Point-Location in The Arrangement of Curves

1 Introduction

An arrangement of curves is a subdivision of the plane induced by those curves. The arrangement of pseudo-lines has complexity $O (n^{2})$ , where a pseudo-line is a curve that goes to infinity in two directions, and two pseudo-lines can intersect at most once. An output-sensitive algorithm for the arrangement of Jordan arcs with running time $O ((n + k) log n)$ exists, where $k$ is the number of intersections in the arrangement [4].

Bézier curves based on Bernstein basis polynomials from computer graphics for non-rasterized curves are examples of real-world examples of polynomial curves.

Testing whether a given pseudoline arrangement can be converted into an straight-line arrangement is known as the stretchability problem is NP-hard and is equivalent to existential theory of the reals [3]. A generalized version of this problem is the d-stretchability discusses the possibility of replacing each pseudoline with a polynomial of degree $d$ which requires $Ω (\sqrt{n})$ for all simple arrangements [4].

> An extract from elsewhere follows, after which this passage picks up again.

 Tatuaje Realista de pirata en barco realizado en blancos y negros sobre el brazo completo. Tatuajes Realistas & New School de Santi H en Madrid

Finding a point in a planar subdivision and returning the face that contain that point is called point location. Point location in a polygonal subdivision with $n$ segments can be solved in $O (n log n)$ preprocessing to build the data-structure and $O (log n)$ query time for $n$ segments [2]. Without using a point-location data-structure, the problem can be solved in $O (n Q (n))$ time, for arbitrary shapes with an inclusion-exclusion oracle $Q (n)$ , by testing whether the point is inside or outside each shape.

Since the problem of converting the arrangement of pseudo-lines into a polygonal arrangement is NP-hard [3], the point-location on polygonal subdivisions is not helpful. The problem of point-location in a set of congruent disks has already been discussed, and an algorithm with $O (log n + k)$ query time and $O (n^{3} log n)$ preprocessing exists for it [1].

Contributions

We improve the previous work on the point-location of congruent disks to use $O (log n)$ query time, instead of $O (log n + k)$ , at the cost of increasing the preprocessing time to $O (n^{4} log n)$ .
We give a data structure for the point location problem in the arrangement of a set of curves with $O (T (n) + S (n) log S (n))$ preprocessing and $O (log n + log C (n))$ query time, if an algorithm for constructing a planar subdivision of complexity $S (n)$ and cell size at most $C (n)$ in time $T (n)$ is given.

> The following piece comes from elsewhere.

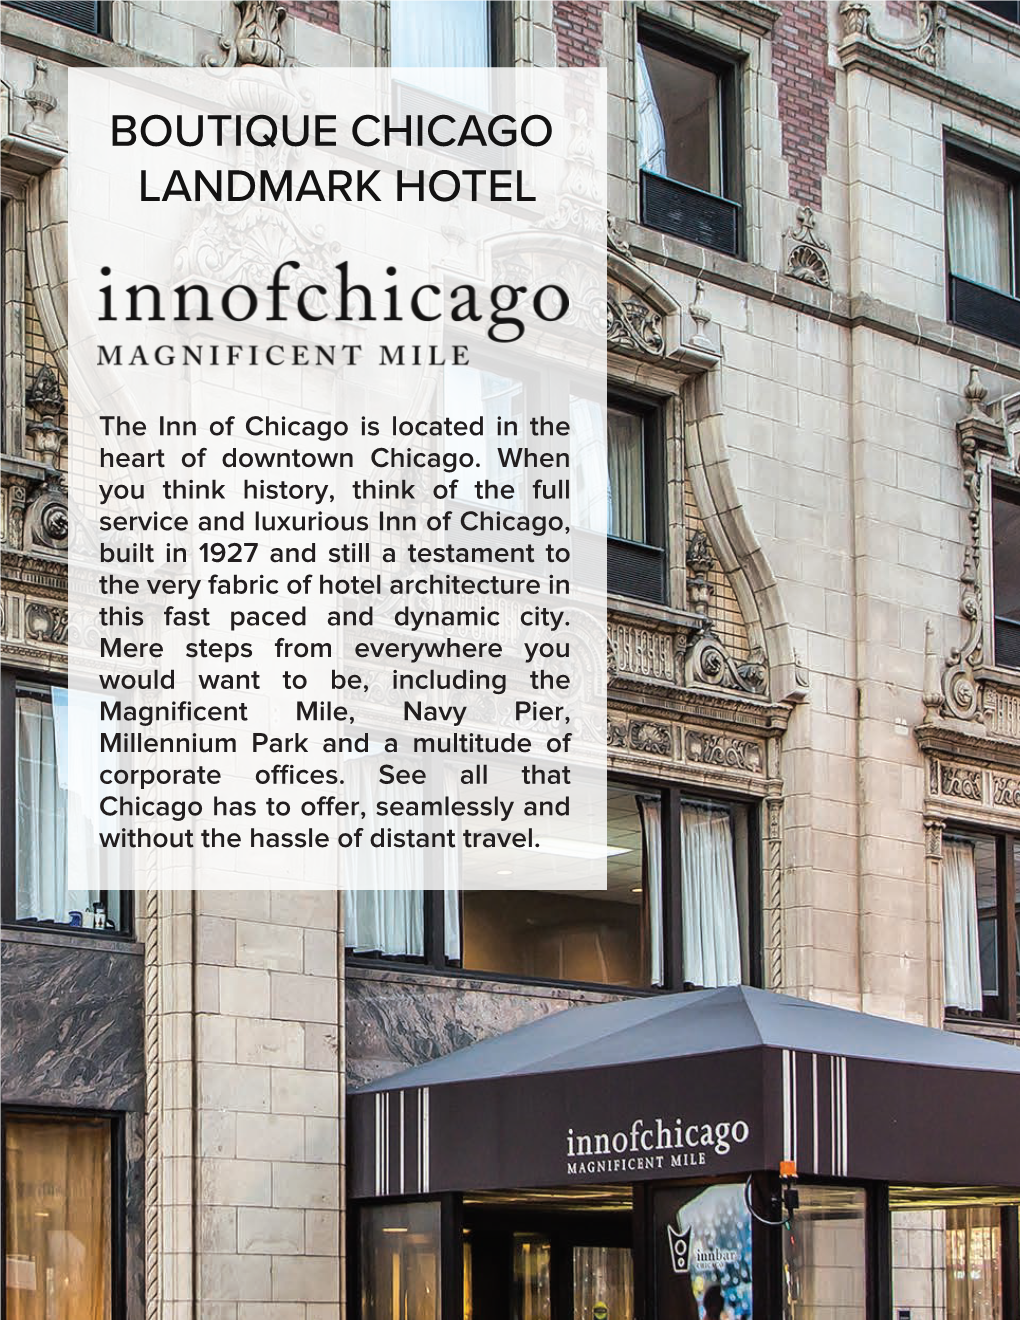 Boutique Chicago Landmark Hotel

2 The Point-Location Data-Structure for Curves

In Algorithm 3, we use a polygonal partitioning such that the part of the curve inside each partition is monotone with respect to at least one boundary of that cell, which we call a curve-monotone partitioning. Then, we use a combination of point-location in polygonal subdivisions and binary search on the ordered set of polynomial arcs bounded by a segment of the subdivision (Algorithm 4).

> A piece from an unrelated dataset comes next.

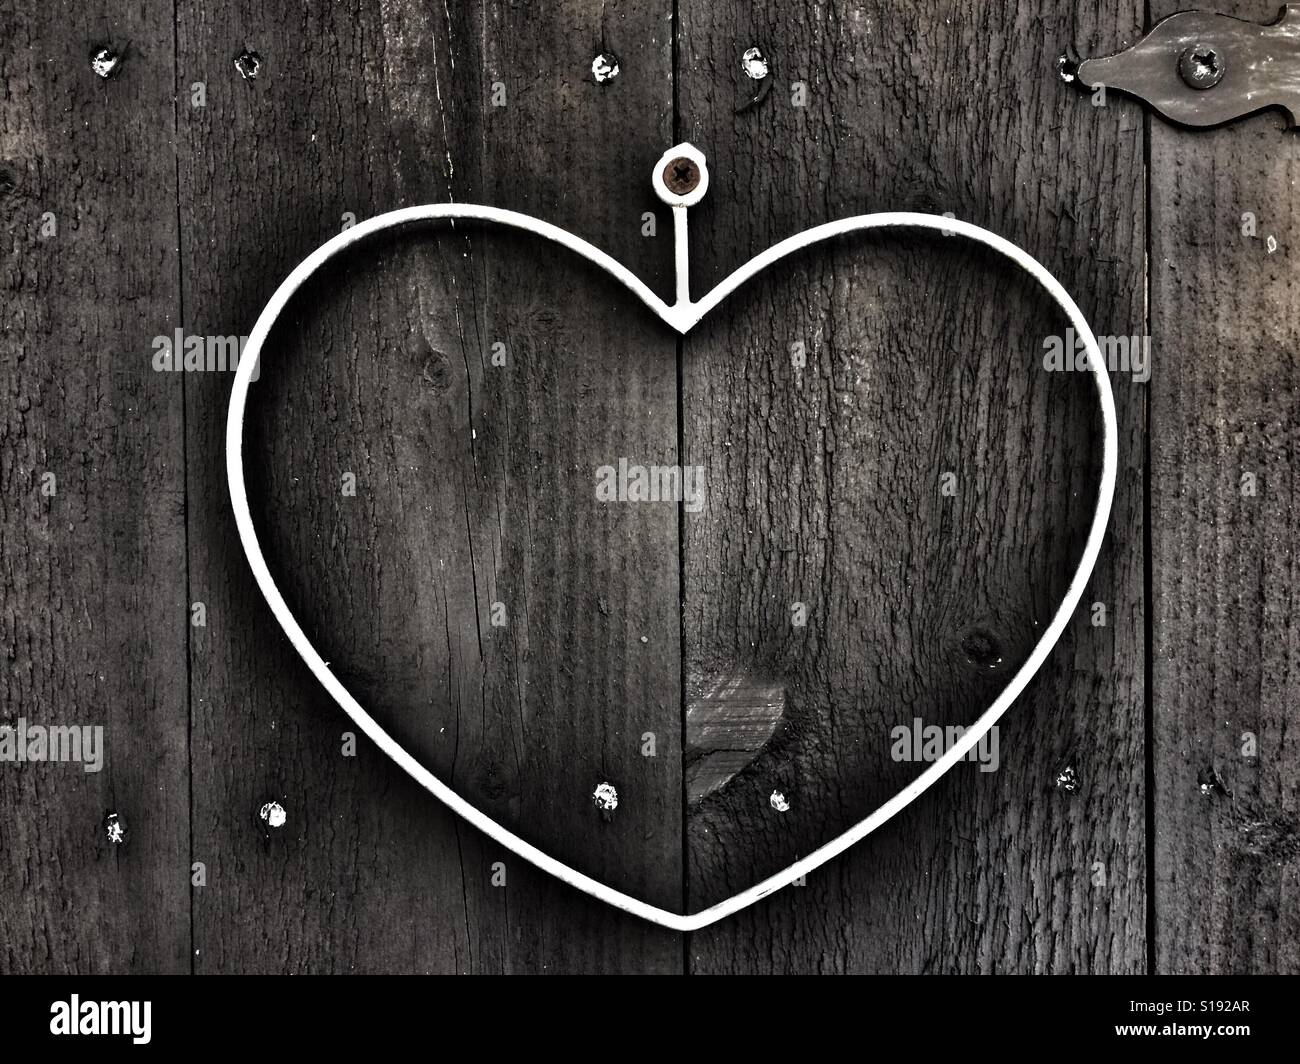 Heart of iron on wooden door Stock Photo

2.1 A Curve-Monotone Polygonal Subdivision for Disjoint Arcs of Polynomials of Maximum Degree $2$

After breaking the input into a set of disjoint $x y$ -monotone convex/concave curves, Algorithm 1 computes a subdivision of the plane, such that the order of the curves in each cell is monotone with respect to each cell boundary.

To do this, first compute the bounding box of each curve. Some of the bounding rectangles might be intersecting, or inside one another:

[label=()]
For a sequence of boxes inside one another (nested rectangles), merge their boxes by considering the outermost bounding box only, if there are no other rectangles outside this sequence inside them.
For intersecting boxes, add the tangents to the curves at the points of intersections with bounding rectangles of other curves and their own. Then, starting from a point on the boundary of the intersected area, move towards one of the curves, until hitting the other curve’s bounding box or tangent, then repeat this on the other curve. If it is the intersection of two curves, draw the common tangent of the curves to separate them.
For disjoint rectangles inside another rectangle, we divide them by extending the edges of the rectangles inside the bigger rectangle, until intersecting the boundary of the extension of an edge of another rectangle.
For disjoint rectangles, extend their edges until intersecting the boundary or the extension of an edge to create a set of disjoint rectangles.
For intersecting nested bounding boxes, first handle the intersecting segments, then handle the disjoint and then the nested rectangles.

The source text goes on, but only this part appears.